A quick google search of “the birthday problem” will show that this quite a famous problem and leads to an intriguing solution. Let’s work it out:
TODO: show that at around 23 people, the likelyhood of two people having the same birthday is 1/2
For some experimental data \(x_{exp}\) and \(y_{exp}\), find a function \(y = f(x,\beta)\) that best resembles the data. \(\beta\) is a set of unknown parameters that is adjusted to perform said task. The method of least squares can be stated as
\[\sum_{i} (f(x_{i},\beta) - y_{i})^{2}\]where \(x_{i}\) and \(y_{i}\) are the data points.
Here, \(O_{i}\) represents the observed data, \(E_{i}\) is the expected value of \(i\), and \(\sigma_i\) is the y-axis standard deviation of \(O_{i}\).

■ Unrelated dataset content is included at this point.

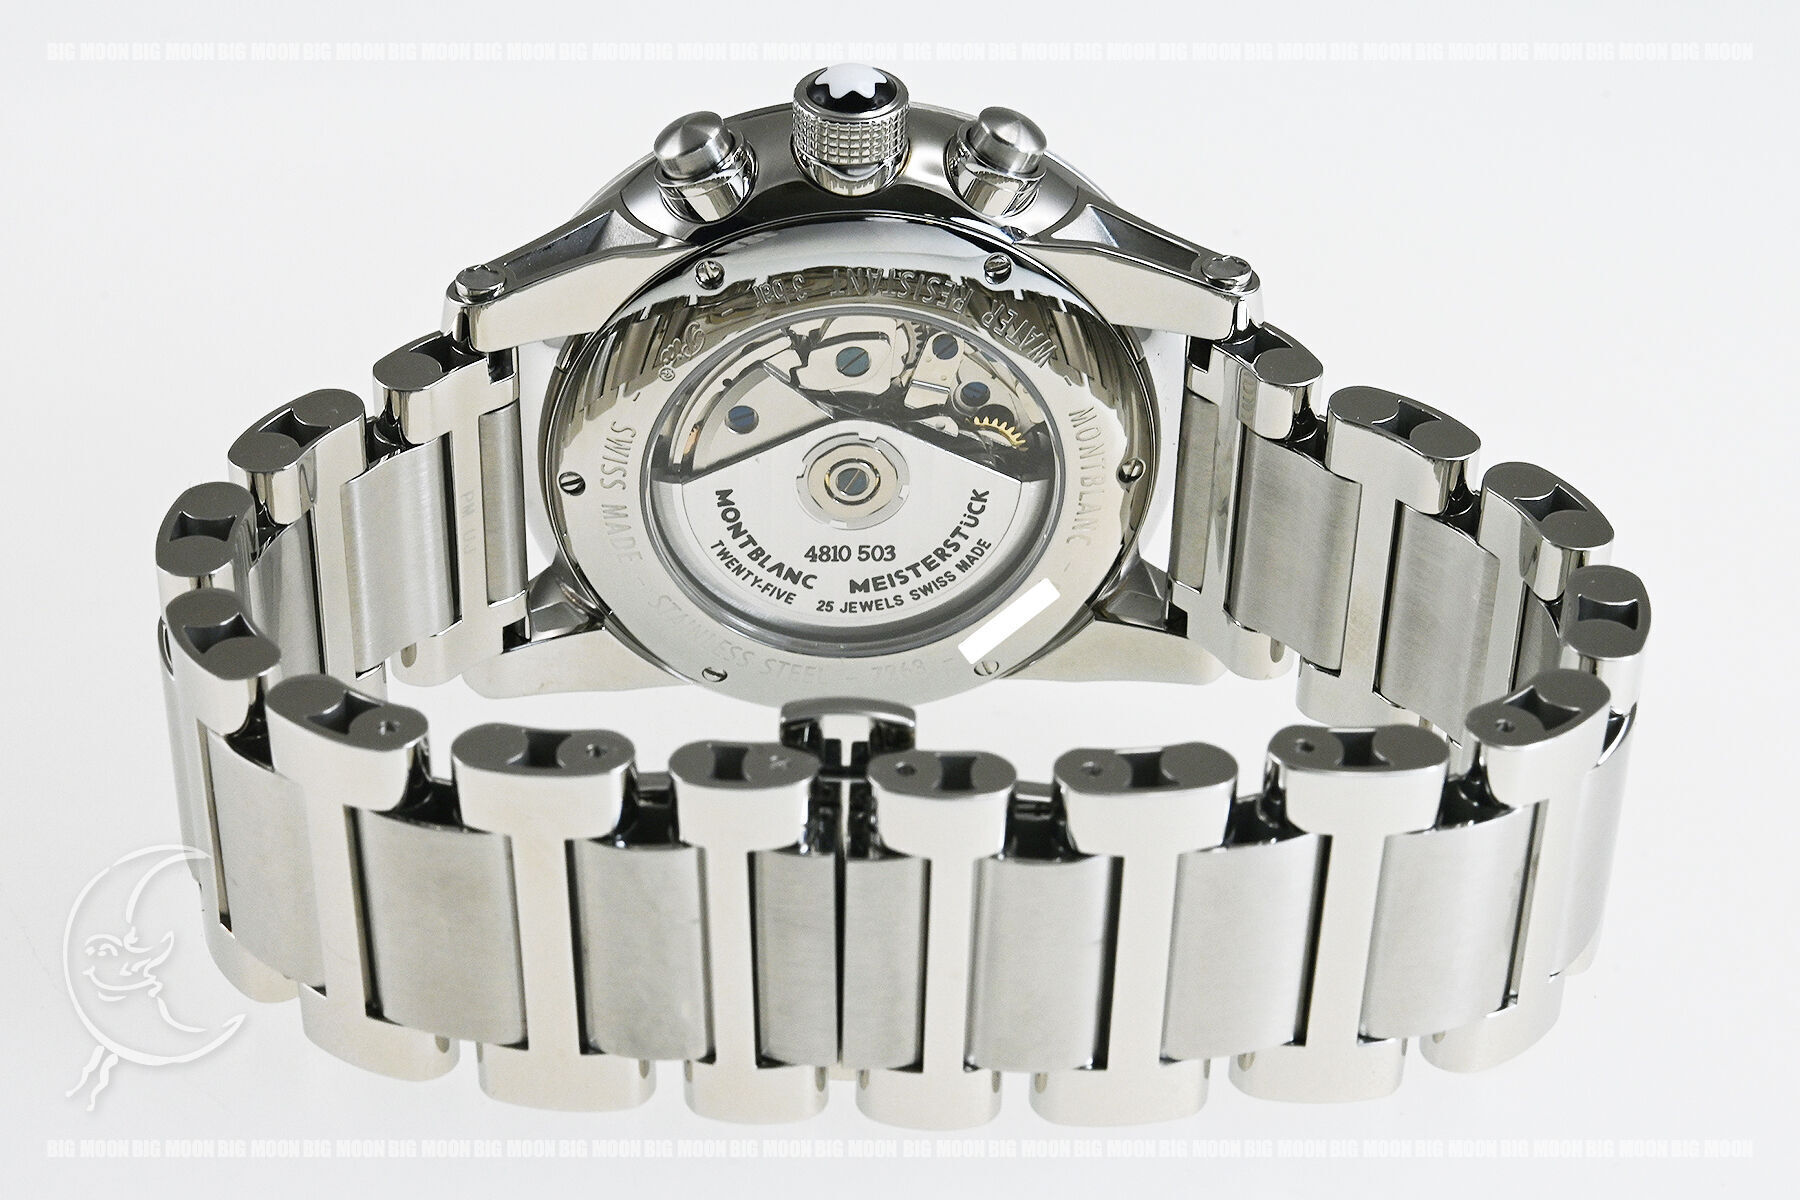 MONTBLANCのタイムウォーカー クロノボイジャー UTC「107303」の販売なら名古屋大須の中古時計専門店ビッグムーン

We can modify the \(\chi^{2}\) slightly to quantify the difference between two curves based on their known standard deviations. In this case, the standard deviation of the difference need to be taken into account,
\[\sigma_{diff} = \sqrt{ (\sigma_{i}^{a})^{2} + (\sigma_{i}^{b})^{2} }\]Subsequently,
\[\chi_{diff}^{2} = \bigg( \frac{O_{i}^{a} - O_{i}^{b}}{\sigma_{i,diff}} \bigg)^{2}\]In words, the statistical significance between two curves.